Lusa - 13 Jan 04
Aborto
Mulheres em Acção querem sensibilizar sobre consequências de "pesadelo"

 
Lisboa, 13 Jan (Lusa) - A associação Mulheres em Acção iniciou hoje, com a distribuição de panfletos em frente à Assembleia da República, uma campanha de sensibilização sobre os riscos que sofrem as mulheres que recorrem à interrupção voluntária da gravidez.

Esta associação Pró-Vida resolveu iniciar a campanha "Se a gravidez é um problema, o aborto é um pesadelo" porque não há estudos nem informação suficiente sobre as consequências para quem pratica um aborto, disse à Agência Lusa Madalena Simas, uma das organizadoras.

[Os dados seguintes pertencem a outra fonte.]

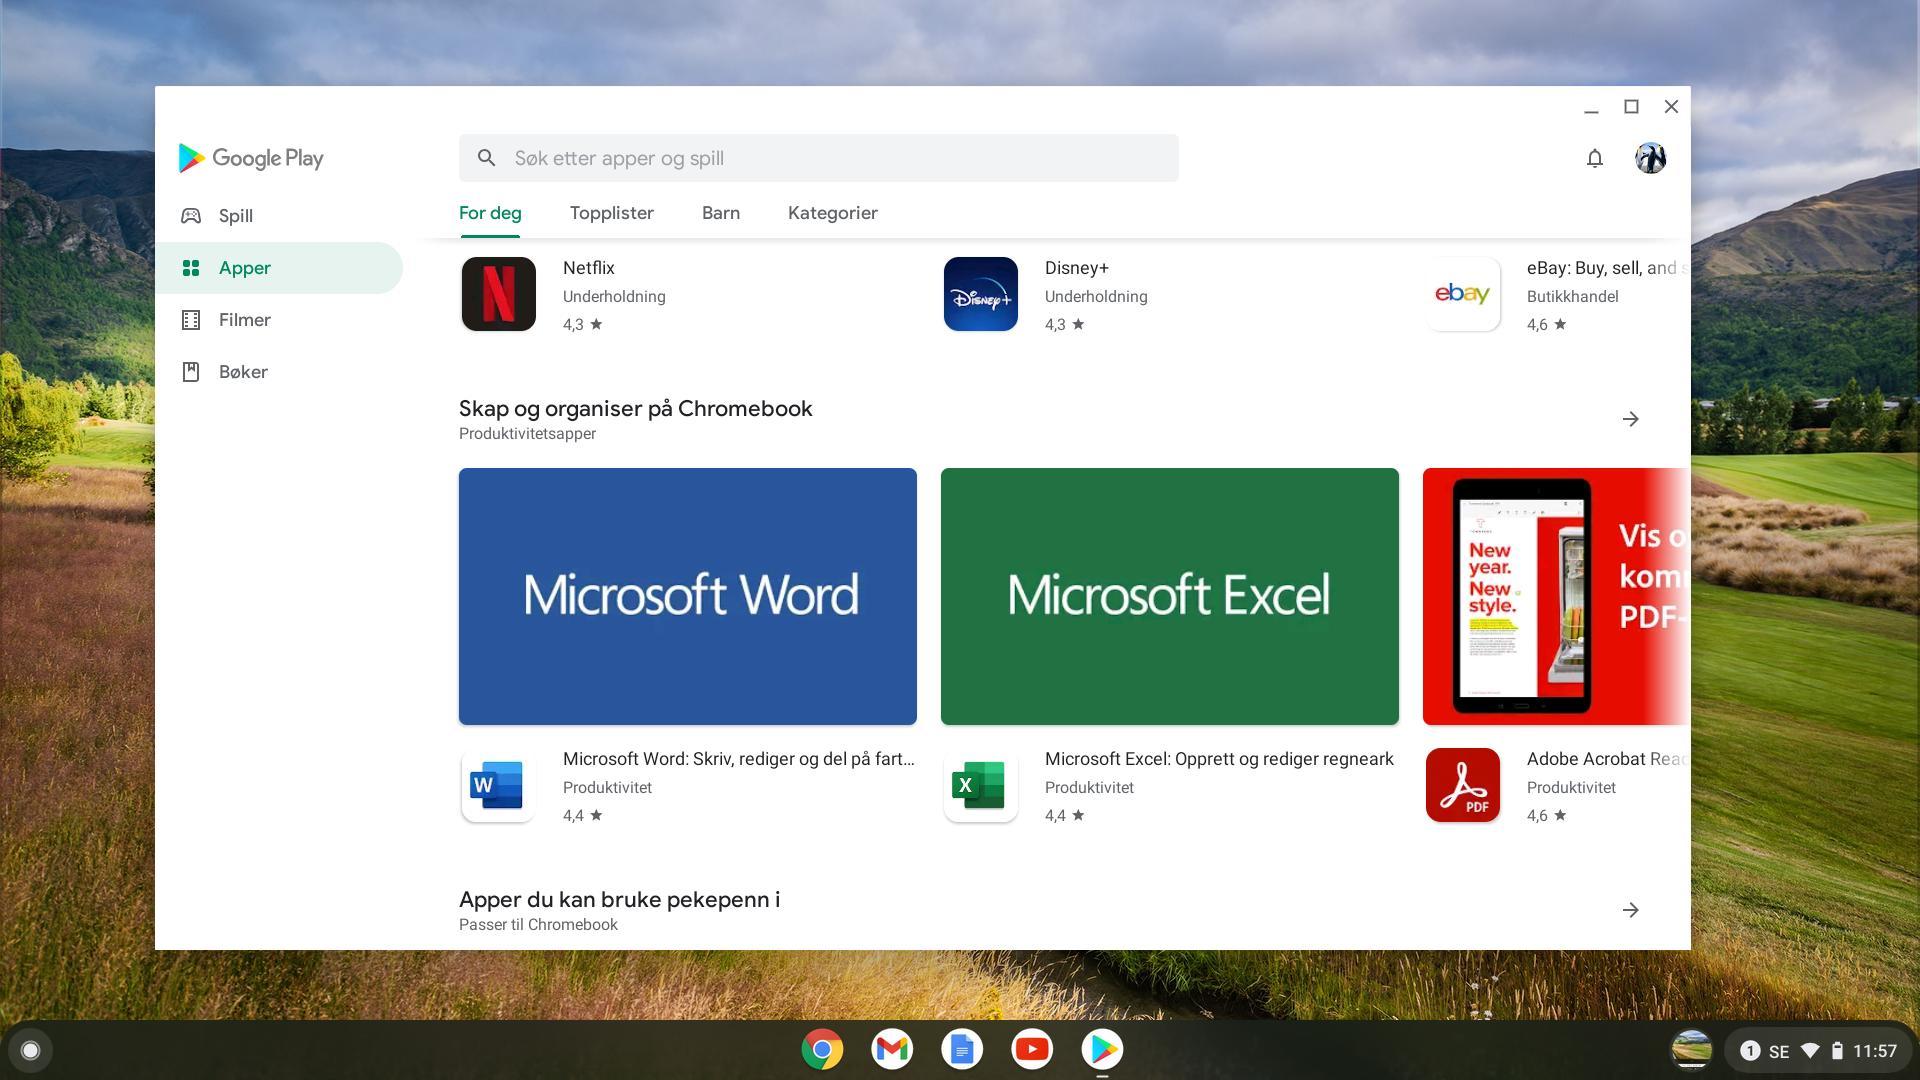 Fra Google PlayStore kan du hente ned apper, dersom du ikke bare vil bruke tjenester direkte via nettleseren Chrome.

A campanha de sensibilização vai decorrer nos próximos dias pelos locais mais movimentados de Lisboa, com o auxílio de um jipe e de uma coluna de som, que grita "O aborto destrói-nos. A mulher tem de ser protegida do aborto...".

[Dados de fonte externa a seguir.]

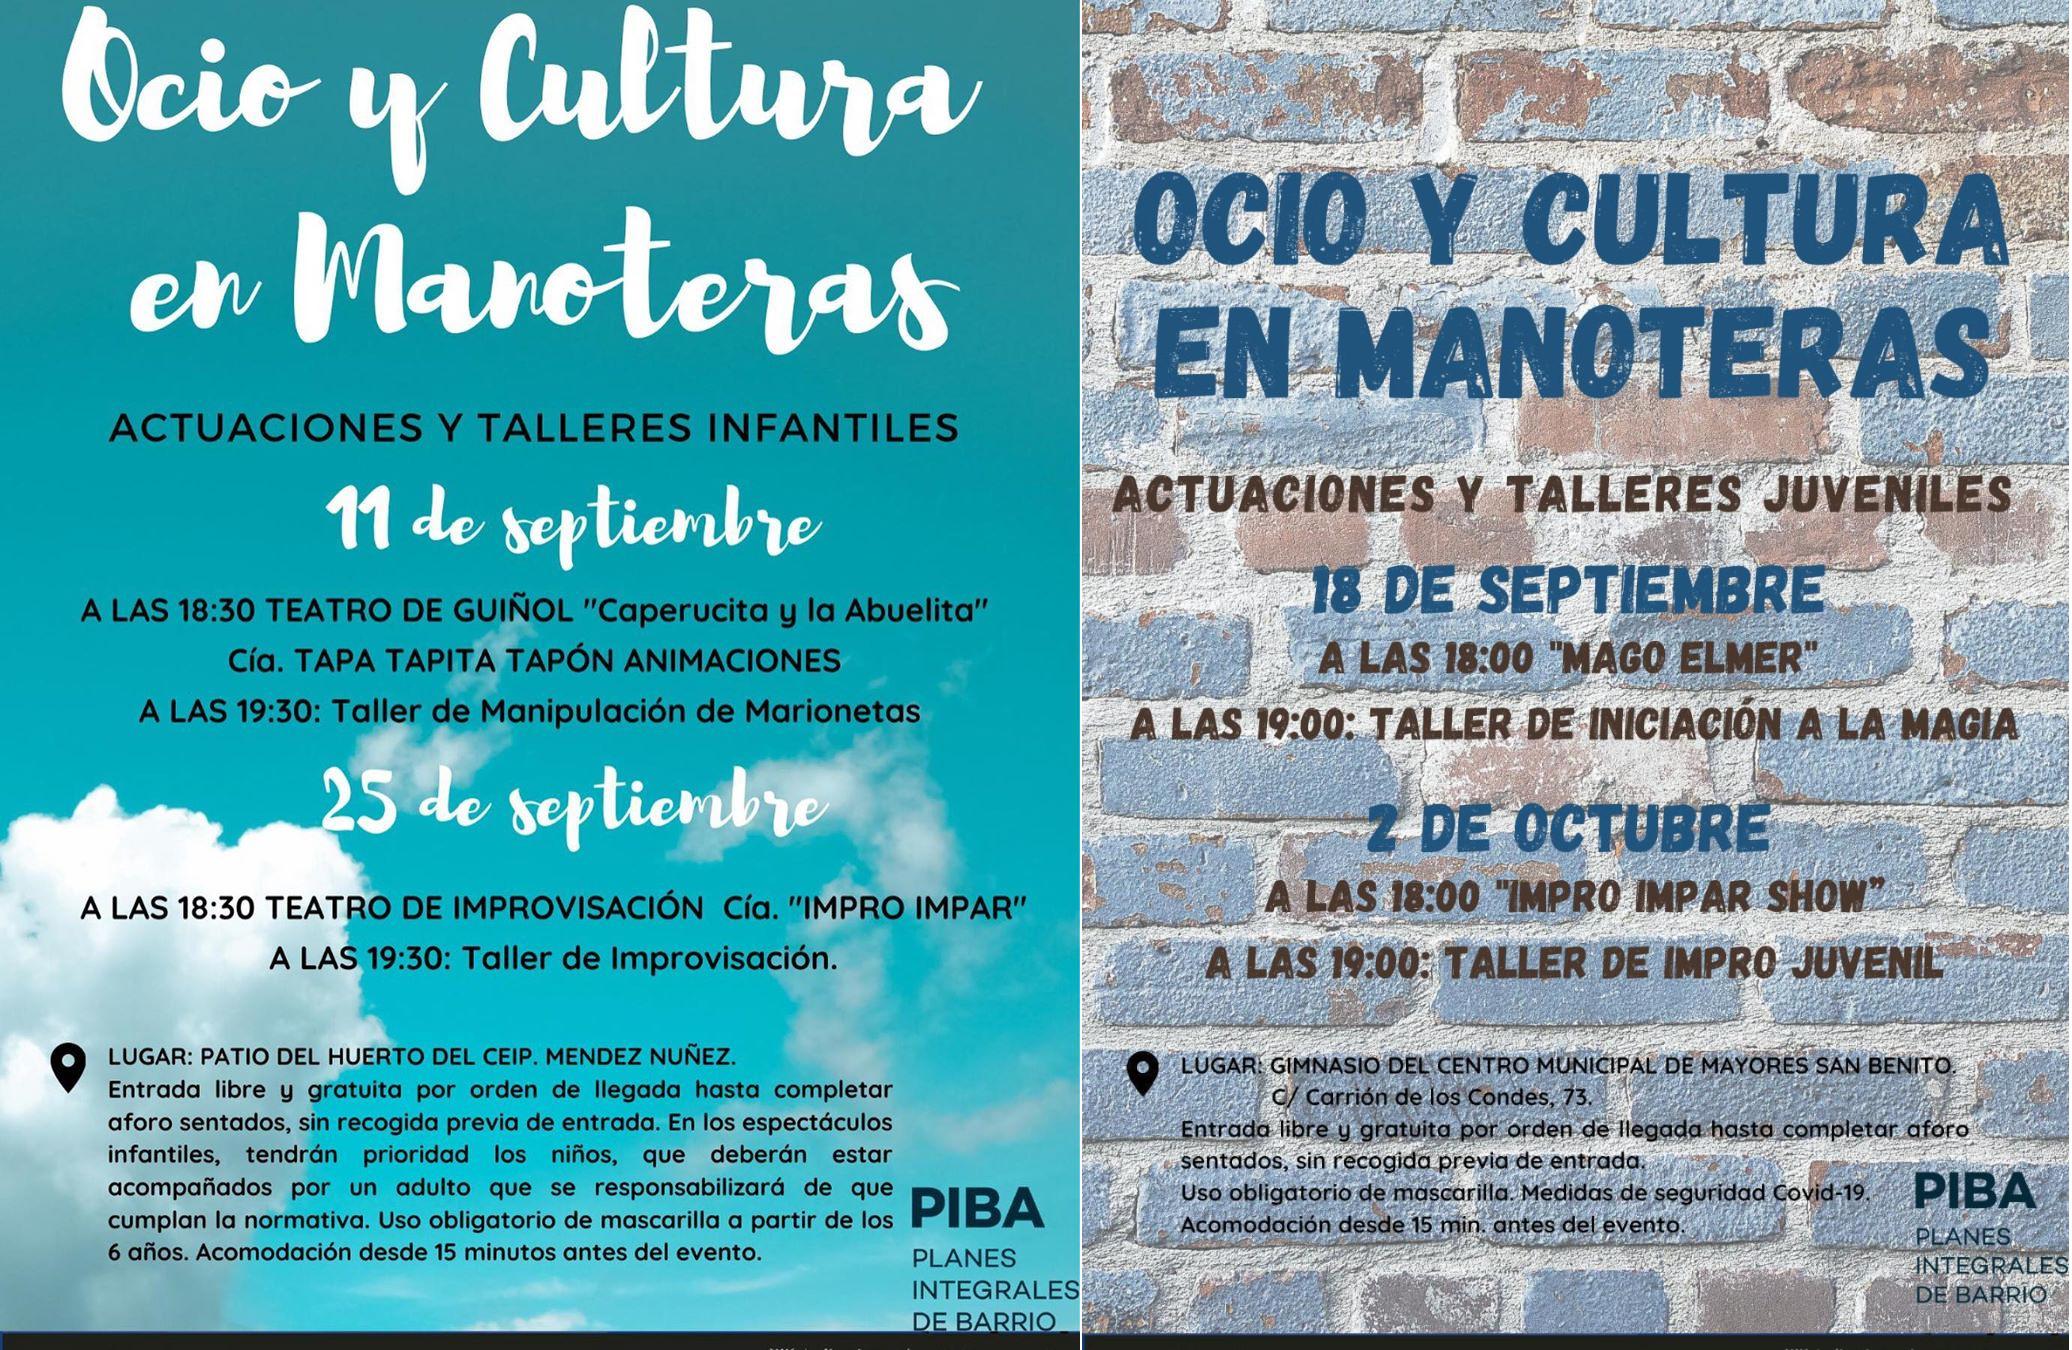 Funciones en Manoteras y talleres de impro infantiles y juveniles los viernes 25 de septiembre y 2 de octubre

Hoje de manhã três elementos da associação estiveram durante cerca de uma hora junto à Assembleia da República, onde conversaram e distribuíram panfletos aos transeuntes, sensibilizando-os para os riscos da interrupção voluntária da gravidez.

"Antes de se realizar qualquer referendo sobre o aborto é preciso que as pessoas estejam bem informadas sobre as nefastas consequências psicológicas da realização da interrupção voluntária da gravidez", adiantou à Lusa Madalena Simas.

A associação tem já marcadas diversas audiências com deputados do PSD para que o Governo faça um "levantamento sério de todas as consequências do aborto".

Quanto a um eventual referendo sobre o aborto, Madalena Simas diz-se contra "porque não se devem repetir as consultas até que o seu resultado seja o que os seus organizadores pretendem".

Contudo, caso se venha a fazer outro referendo, as Mulheres em Acção querem que se pergunte aos portugueses se concordam com a revogação da Lei de 1984, que permite a prática da interrupção voluntária da gravidez em determinados casos.

Questionadas sobre o julgamento relativo à prática de aborto clandestino que hoje prossegue em Aveiro, envolvendo 17 acusados, Madalena Simas diz não concordar que as mulheres que interromperam a gravidez sejam condenadas.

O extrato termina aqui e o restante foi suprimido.